Let A be an associative and unital algebra over a commutative ring K, such that A is K-projective. The Hochschild cohomology ring HH*(A) of A is, as a graded algebra, isomorphic to the Ext-algebra of A in the category of A-bimodules. In 1963, M. Gerstenhaber established a graded Lie bracket on HH*(A) of degree -1 which he described in terms of the so called bar resolution. While the multiplication admits an intrinsic description (Yoneda product), this Lie bracket has resisted such an interpretation at first. A serious attempt to find a categorical description of the Lie bracket was given by S. Schwede in 1998. By using the monoidal structure on the category of A-bimodules, he was able to formulate Gerstenhaber's bracket in terms of self-extensions of A. The present thesis extends Schwede's construction to exact and monoidal categories.

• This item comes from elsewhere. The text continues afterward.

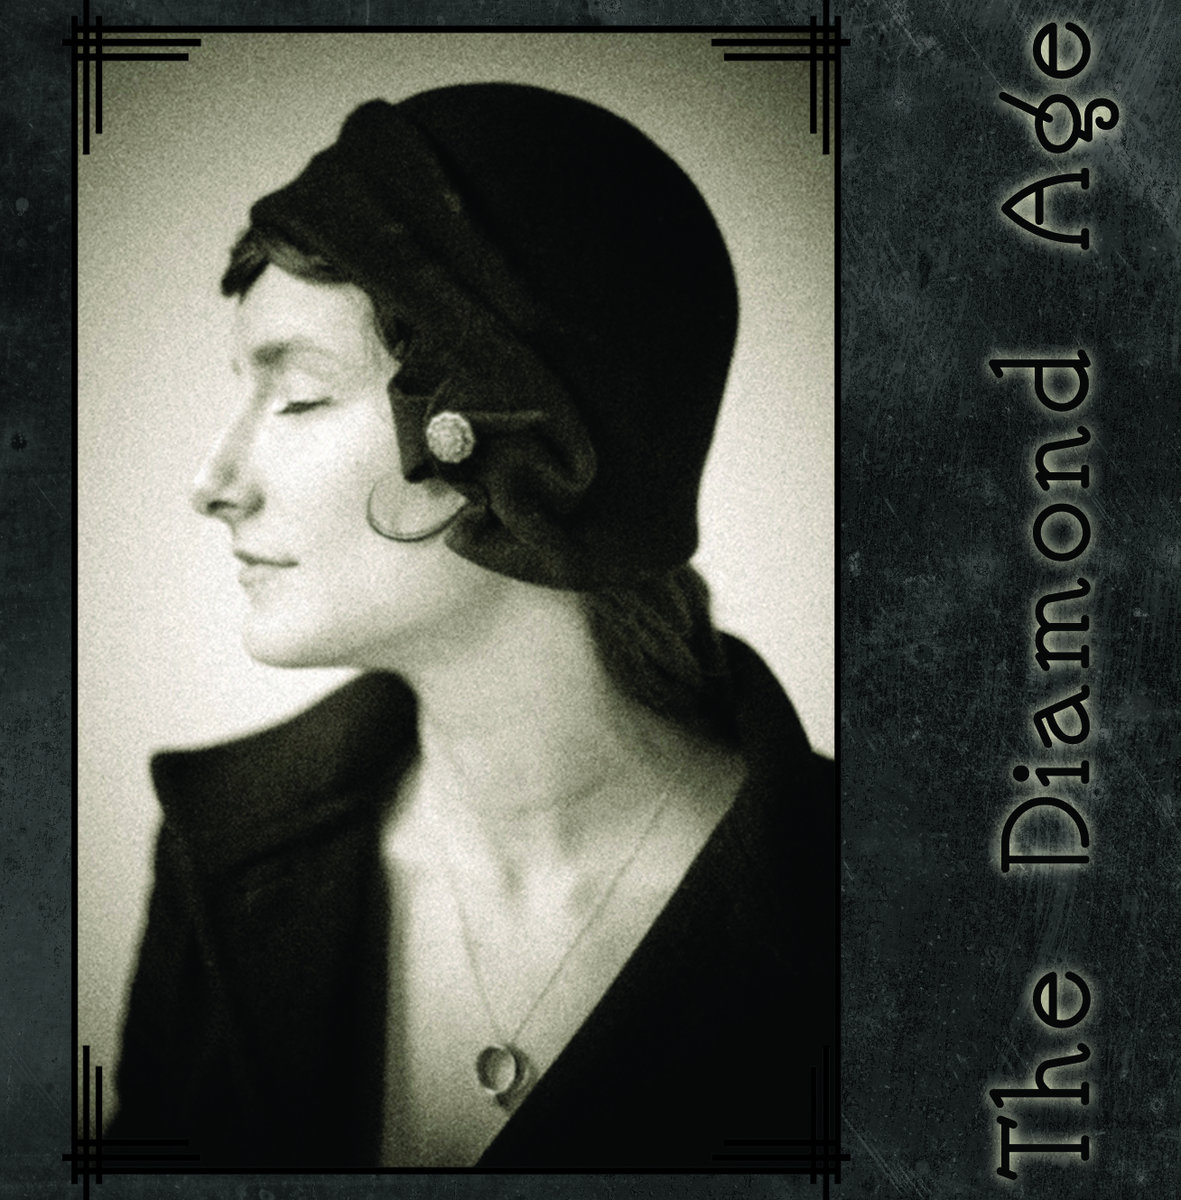 Pamela Samuelson : The Diamond Age (2012)

Therefore we will establish an explicit description of an isomorphism by A. Neeman and V. Retakh, linking Ext-groups with fundamental groups of categories of extensions.

Our main result shows that our construction behaves well with respect to structure preserving functors between strong exact monoidal categories. We use our main result to conclude, that the graded Lie bracket on HH*(A) is an invariant under Morita equivalence. For quasitriangular Hopf algebras over K, we further determine a significant part of the Lie bracket's kernel.